Pipérade Recipe

The pièce de résistance for my 2010 Christmas Eve menu was Beef Wellington, and I was serving mushroom soup as the first course, so I wanted an appetizer that would go with the menu but would not include pastry or mushrooms. That’s harder to do than you’d think – so I decided to look through my cookbooks and see what I could find. I hit on the idea of making a pipérade while paging through Gerard Hirigoyen’s The Basque Kitchen. I’d eaten a pipérade before at Hirigoyen’s namesake restaurant and I had quite enjoyed it.

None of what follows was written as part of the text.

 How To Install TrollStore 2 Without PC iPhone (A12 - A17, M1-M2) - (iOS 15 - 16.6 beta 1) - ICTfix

I followed Hirigoyen’s recipe, with a few modifications. His recipe called for Anaheim chilies, and all the ones I could find at two supermarkets were green – but the pipérade I had @ Pipérade featured red chilies, and the chilies shown on the picture next to the recipe for the pipérade in Hirigoyen’s book were also red, so I decided to use red bell peppers instead. I later found out by reading The Cooks Thesaurus that Anaheim chilies are, indeed, green. They turn red when they mature and are then called chile colorado or California red chile. I’m not sure if Hirigoyen meant that those chilies should be used on this recipe. No matter, it worked well enough with bell peppers.

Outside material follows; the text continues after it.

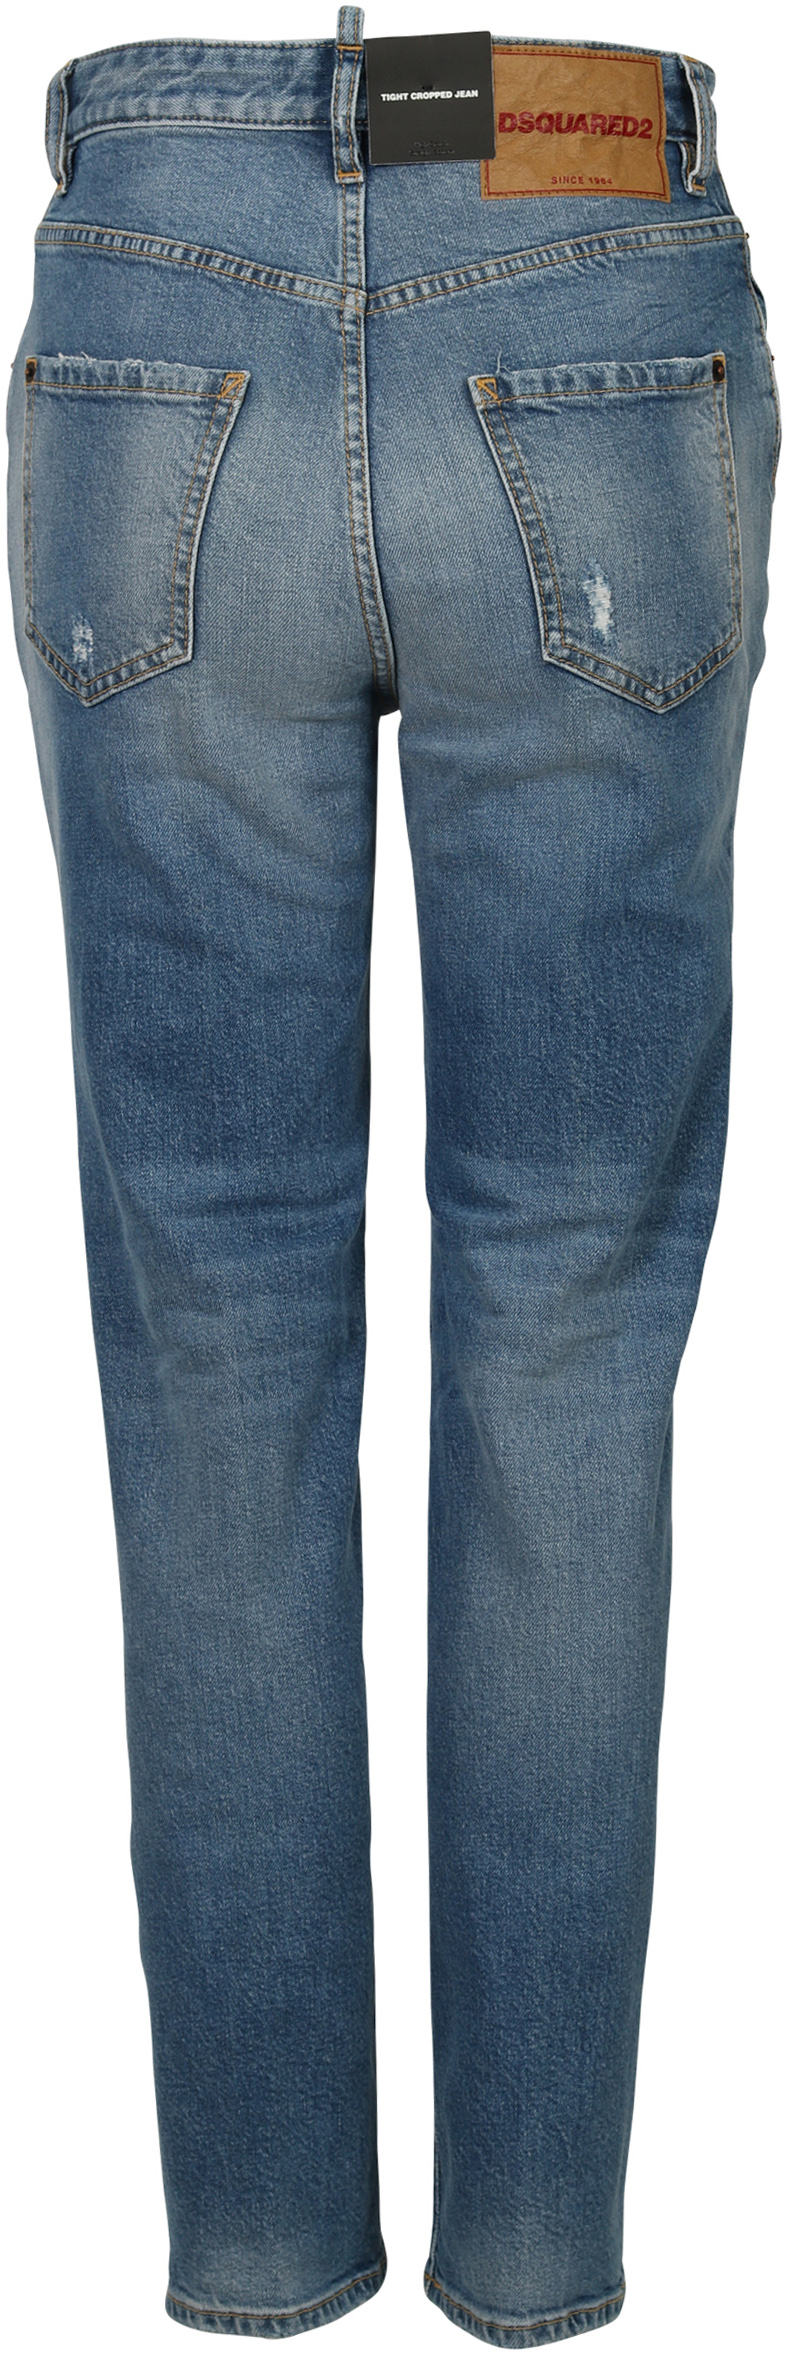 Dsquared Jeans Tight Cropped Light Blue Washed

The original recipe called for 6 eggs. I had meant to add them, but by the fourth egg it as clear that the concoction was waaaay too eggy. Indeed, if I was to make this again I’d only add 1 egg, 2 tops (and the recipe below has been modified to show this). Finally, I added some chopped prosciutto to the final product. Pipérade is traditionally served with a slice of Bayonne ham, but I wasn’t concerned enough about authenticity to go searching for that. The prosciutto I got at the deli counter @ Lucky wasn’t very good, though, so I recommend you stay away from it.

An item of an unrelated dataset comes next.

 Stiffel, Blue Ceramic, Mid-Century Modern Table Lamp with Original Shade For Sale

Anyway, without further ado, here is the recipe:
Pipérade

  • 1/2 cup olive oil
  • 3 red bell peppers, seeded & finely julienned
  • 1 green bell pepper, seeded & finely julienned
  • 1 onion, finely sliced
  • 6 garlic cloves, crushed
  • 6 vine-ripened tomatoes, coarsely chopped
  • 1 tsp. sugar
  • 1/8 tsp. piment d’Espelette (optional)
  • 1 bay leaf
  • Kosher salt
  • 1/2 tsp. white pepper
  • 1 or 2 eggs
  • 3 oz Bayonne ham or prosciutto, coarsely chopped.
    Directions
    Heat the olive oil in a saucepan over medium-high heat. Add peppers, onion and garlic and sauté for 5 minutes. Add the tomatoes, sugar, piment d’Espelette and bay leaf. Stir and season with salt and pepper. Bring to a boil, stirring occasionally. Reduce heat and simmer, covered, for 30 minutes.
    Remove and discard the bay leaf. Add the egg(s) to the peppers and mix with a wooden spoon. Cook for 5 minutes, add the chopped ham and serve.